London Eye: 1 (Toxic City)(53)



Ruben pushed his fingers into Jenna's stomach.

Jack gasped and stepped forward, but Rosemary reached out and grabbed his arm, shaking her head. She mouthed the word No, and held on until Jack nodded and stepped away again.

Initially it looked as though Ruben's fingers were pressed into the wound, following the route of the bullet through Jenna's guts and towards her spine. But then Jack realised that the big man's fingers had punctured the skin around the wound, though no fresh blood flowed, and Jenna seemed to be in no more discomfort than before. The bullet hole pouted and seeped a fresh flow of blood and clear fluid, and the purplish curve of her intestine once again showed at the rip.

Ruben was concentrating so hard that sweat speckled his balding head, soaked the back of his shirt and dripped from his nose and chin. When it mixed with Jenna's blood he seemed unconcerned, and Jack started to worry about infection, the germs on his hands, and—

He's stuck his bloody hands into her gut!

He glanced across at Sparky and saw that the boy was astounded.

Ruben lifted himself up slightly, hunching over Jenna before pushing deeper. Both of his hands were in her stomach now, her light skin stretched tight against Ruben's darker skin, and Jack could barely see the join. The man's hands worked inside her, tendons flexed on his wrists, and the muscles in his forearms performed their own complex, delicate dance as he probed deeper, and wider.

Jenna groaned, still unconscious, and tried to press her hands back against her wound.

“Hold her hands, please,” Ruben said. Sparky and Emily went to the sofa and did as he asked, stroking Jenna's skin and unable to look away. Emily still bore the camera in her other hand, training it on Ruben, the wound, Jenna's face, and then turning slightly to record Jack's reaction as well.

“There it is,” the man said, his voice barely a whisper. “Now then…” He leaned closer, more sweat dripping from his face, and Jack saw that his eyes were closed. He was operating by touch alone.

Jenna groaned and said something, too distorted by pain for Jack to make sense of.

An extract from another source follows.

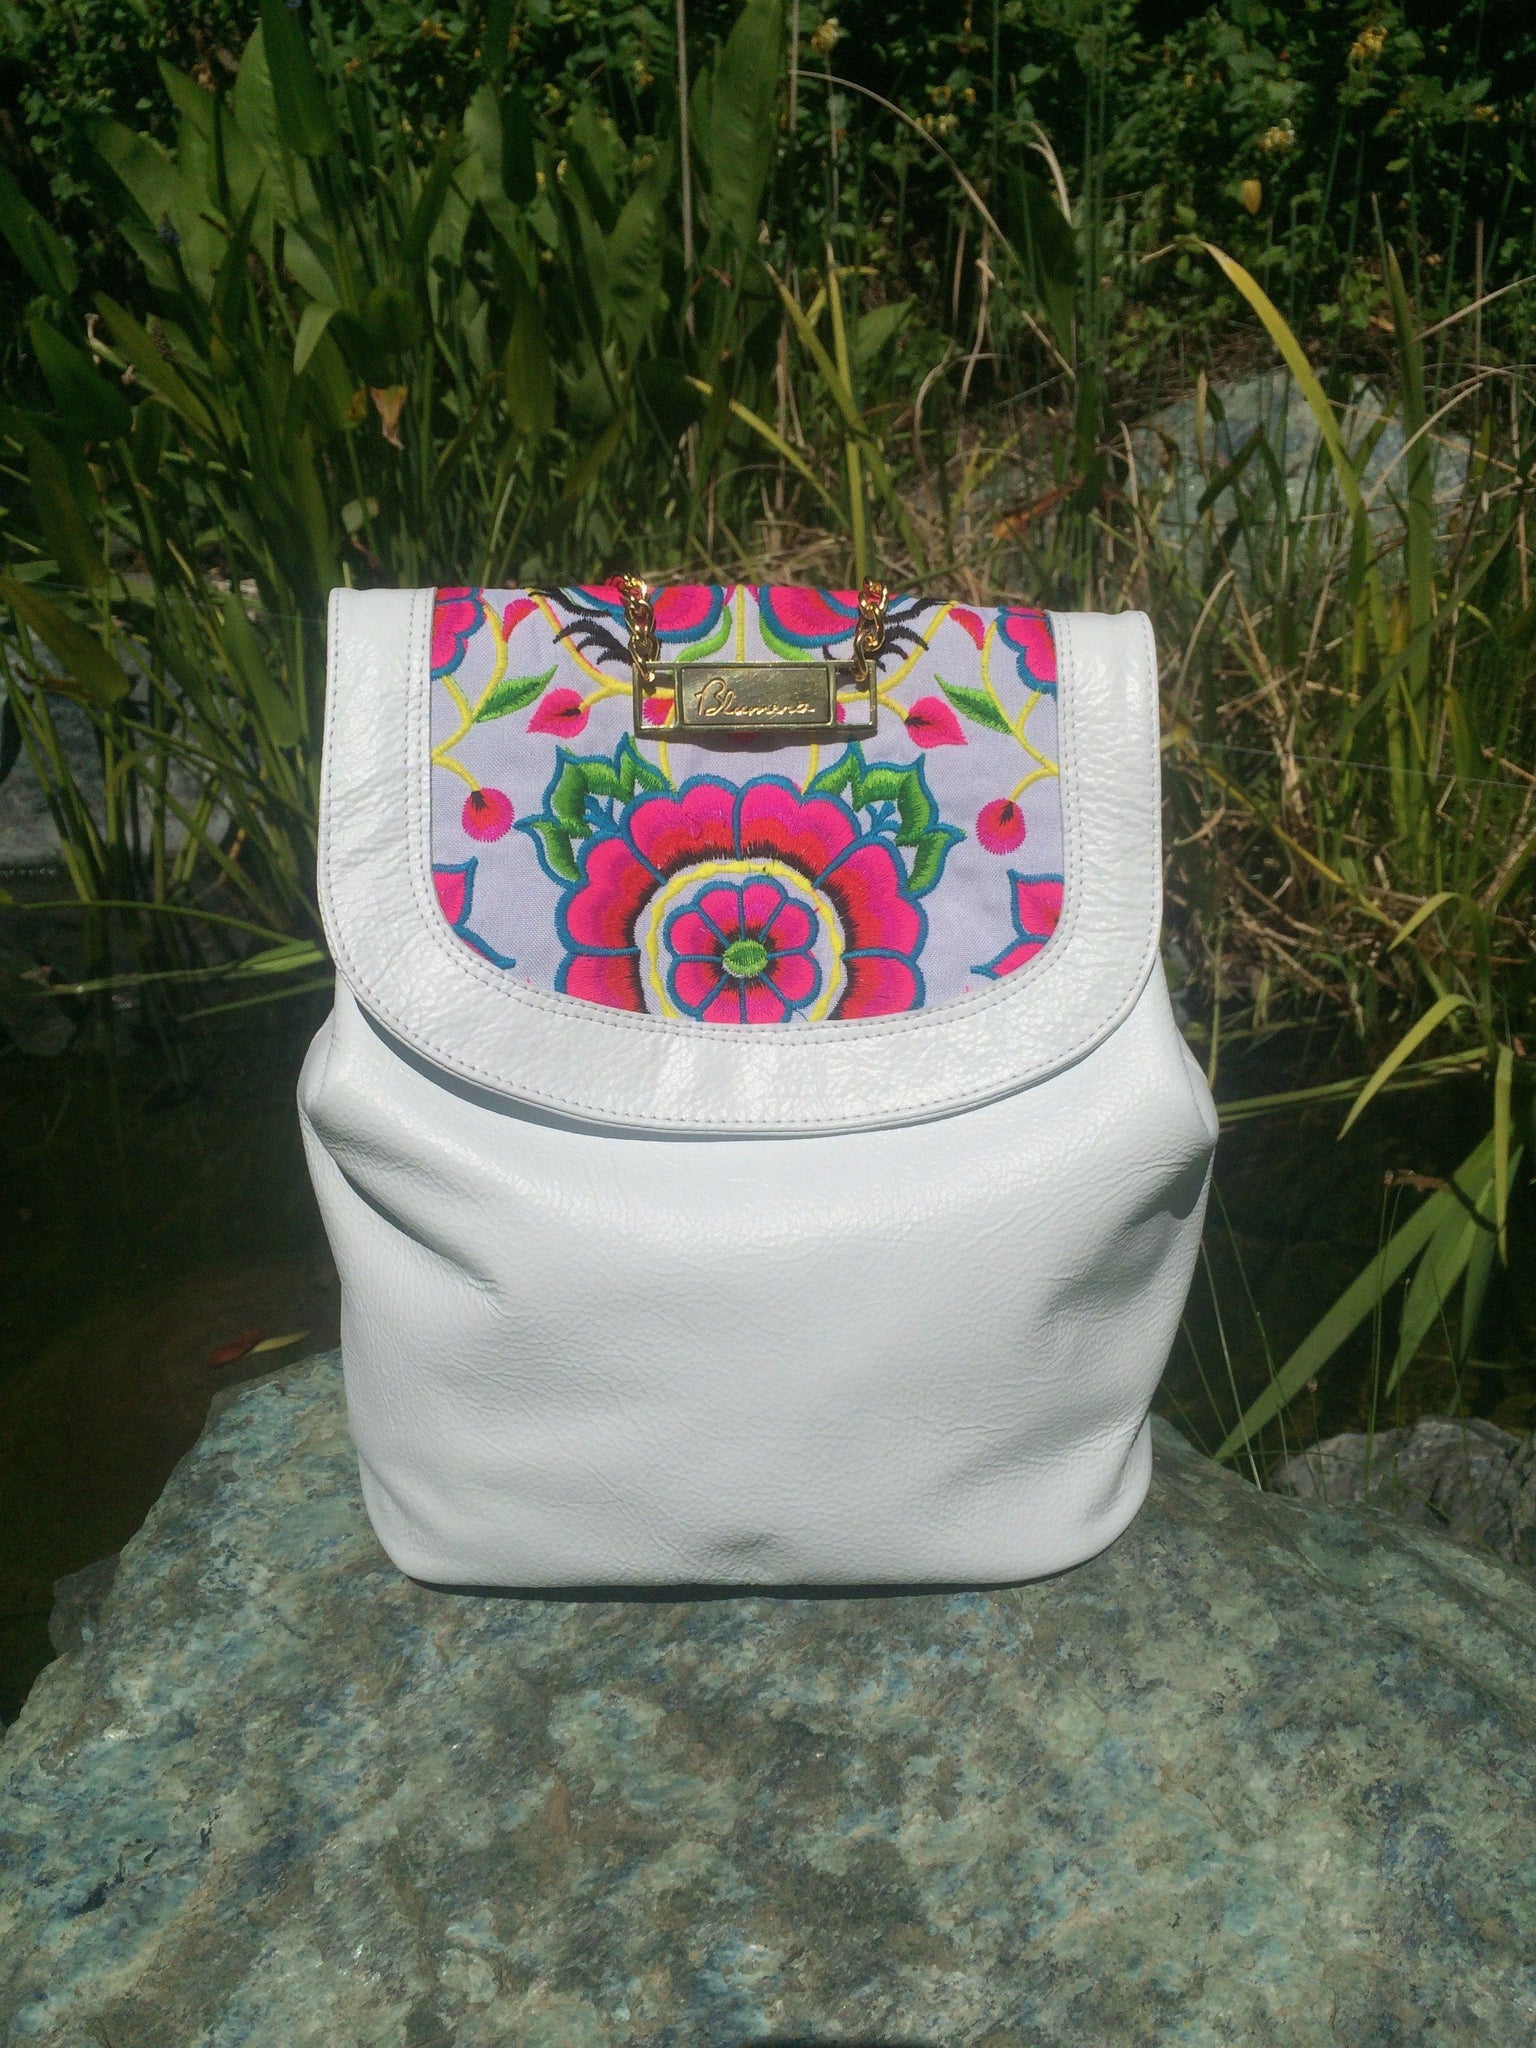 Nonny Black Embroidered Backpack - Blumera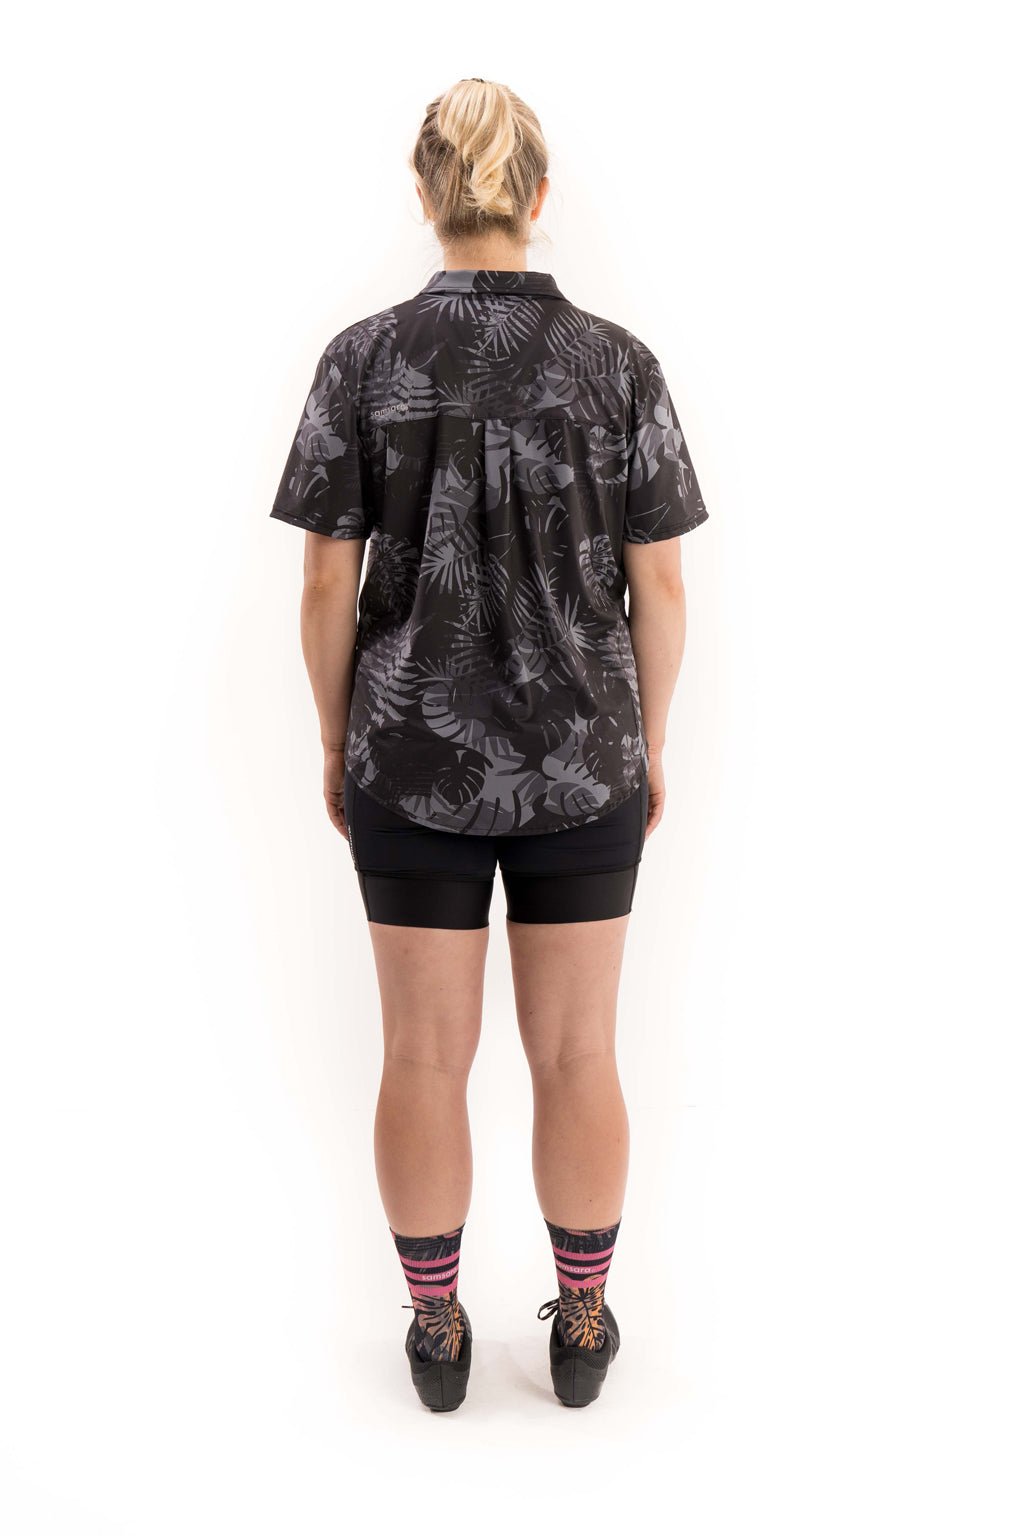 Getaway Shirt - Black Palm - Samsara Cycle-Trail Jerseys

“It's okay, girl,” Ruben said softly. “Almost done, almost out, and then the lady Rosemary will do her work.”

“Have you got it yet?” Sparky said, and Rosemary threw a stern look his way.

Ruben surprised them all with sudden movement, tugging his hands from Jenna's stomach, flinging them up above his head and speckling the ceiling with rosettes of blood. Something bounced from the wall and fell behind the sofa. The fat man tried to stand but he seemed weak, and instead he slipped from the sofa and sat on the floor, breathing heavily. “It's out,” he said.

Jack rushed to Jenna, kneeling beside Sparky and Emily and looking at her wounded stomach. The tear from the bullet was still obvious and horrific, but there were no other wounds to show where Ruben's hands had entered.

Ruben was looking at his hands, gently dabbing the smears of blood that speckled them like liver spots. There was nowhere near as much as there should have been.

“Where's the bullet?” Sparky asked. He crawled around the end of the sofa and looked behind it, stretching his arm into the gap between sofa and wall. “Bloody hell,” he muttered, standing with the prize in his hand. The bullet was half the size of his thumb, squashed and distorted by the impact on Jenna's flesh.

“Move aside, please,” Rosemary said. She nudged past Jack, waited while Ruben crawled across the floor, and knelt beside Jenna.

The girl screamed, hands pressing down onto her wound once more.

Rosemary put her hands on Jenna's stomach, grew very still, and her face went blank.

“That was incredible!” Sparky said. He'd hardly left Jenna's side since Rosemary had healed the wound, and now he sat at one end of the sofa with the girl's head in his lap. She seemed to be asleep now rather than unconscious, and she had already stopped moaning from the pain. “She was dying in front of us, and now…” He shook his head.

“It's just what we can do,” Rosemary said, but she was smiling.

“It's a miracle! No bloody wonder the Choppers are hunting you all.”

“Yes, well, I'd rather not be hunted,” Ruben said.

“They told us you were all monsters,” Emily whispered. “They showed pictures on the telly and the Internet. Pictures of…monsters.”

Ruben smiled and motioned for Emily to go to him. She sat beside him on the other, smaller sofa in the room.